Why do you want to avoid supporting arbitrary python callables?
Nothing against it in particular. However, the current way the internal type tree is represented makes supporting these tricky. All the builtin constraints can mostly only be applied to one type (and cases where they can apply to multiple are already explicitly forbidden in msgspec due to ambiguity). This makes our internal representation of these constraints easy.
If we support arbitrary user defined constraints, then we'd need to modify our internals much more to be able represent e.g.
class Example:
a: Annotated[int, Predicate(custom_1)] | Annotated[str, Predicate(custom_2)]
Not sure I completely follow, but it sounds like it's internal complexity, which is a fair reason. Maybe custom predicates can be saved for later? I think they are a super valuable feature, but I do think the basic Ge ones are an easier place to start.
Yeah, it'd mess with the internals in a way that's doable but would require more thought. I don't think implementing any of the builtin constraints will require much of a refactor - the main issue there is how the users spell them (tieing in to #125).
Posting here because this is specific to annotated-types although it is also related to the discussion in #125.
I think I at least found a solution for the discussion about Annotated[..., Field(...)] vs.
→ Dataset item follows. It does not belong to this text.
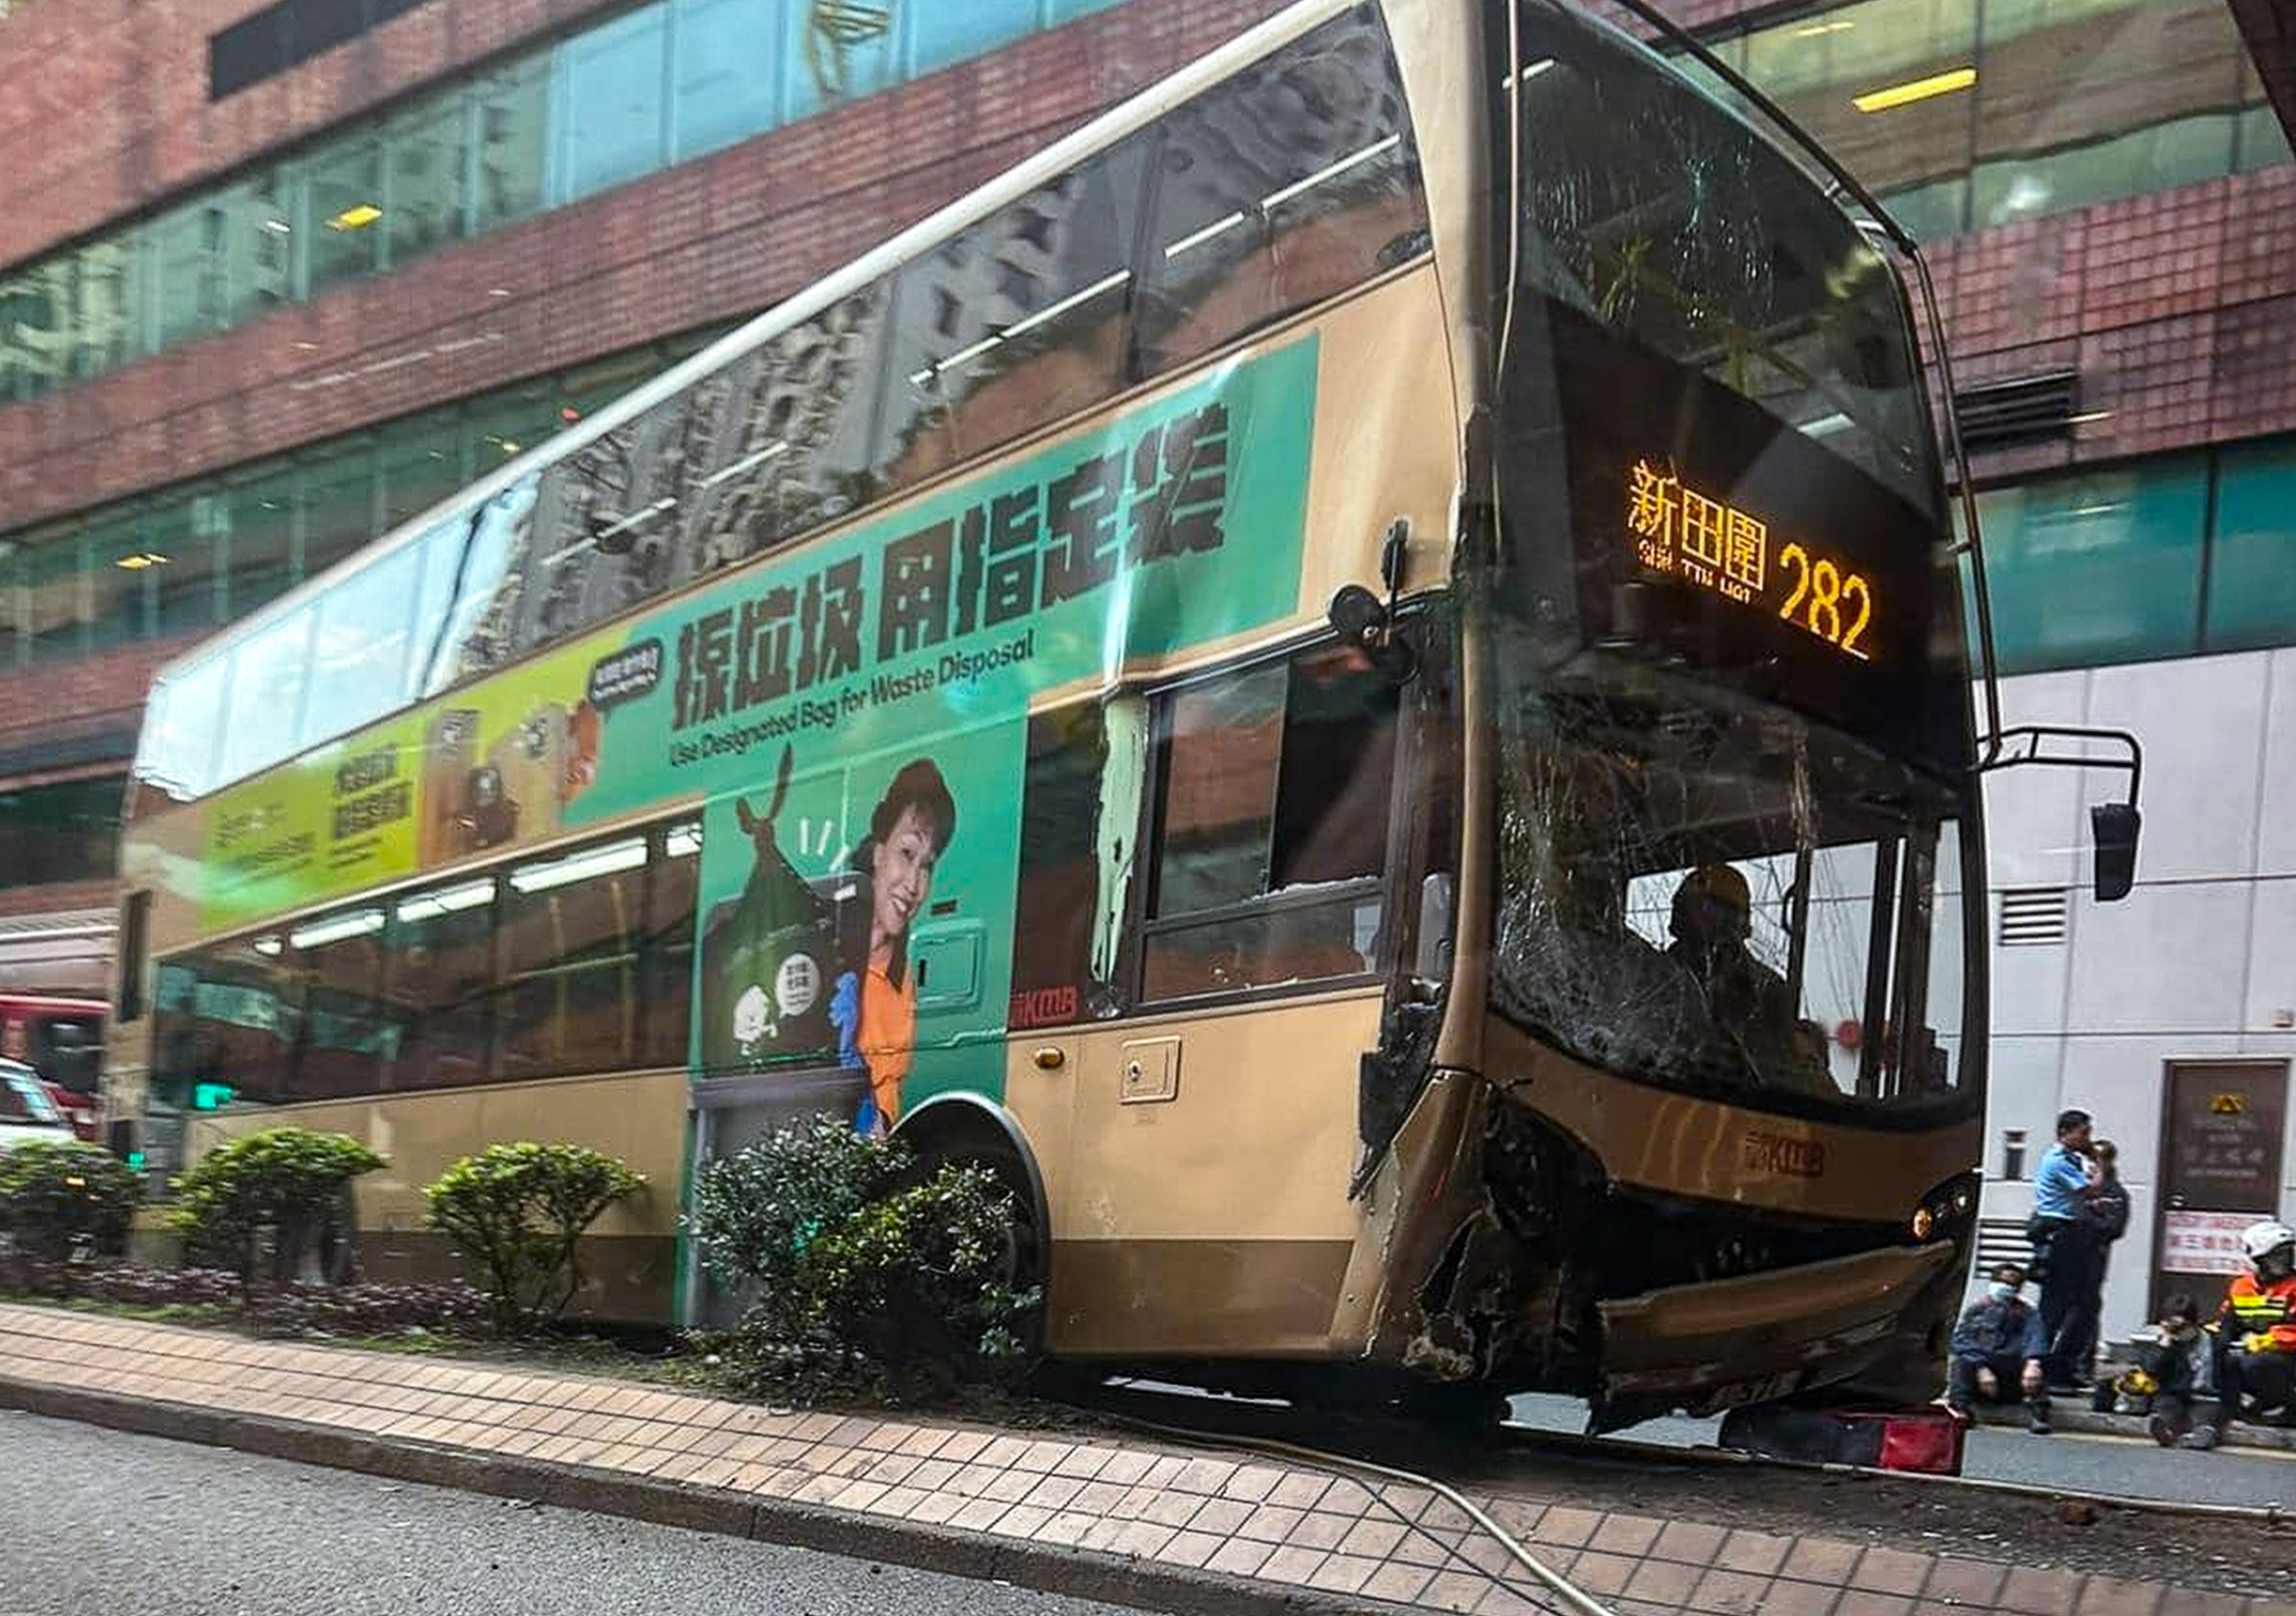 The KMB bus on the kerb after the crash. It was operating route 282, a circular service connecting Sha Tin’s New Town Plaza with Sun Tin Wai. Photo: Facebook/Akakin Li

Annotated[..., *Field(...)]: https://github.com/annotated-types/annotated-types/commit/f59cf6d1b5255a0fe359b93896759a180bec30ae
With that change anything that is compatible with annotated-types would be able to interpret Annotated[..., Field(...)]. So, for example, you could define a type Annotated[int, msgspec.Field(ge=0)] and Hypothesis or even Pydantic would be able to interpret it.
You could also choose to use the same object for the foo: int = Field(ge=0) syntax (that's what Pydantic does), but then Hypothesis and the rest of the annotated-types ecosystem would not recognize it, but you'd give users the option to choose their preferred syntax.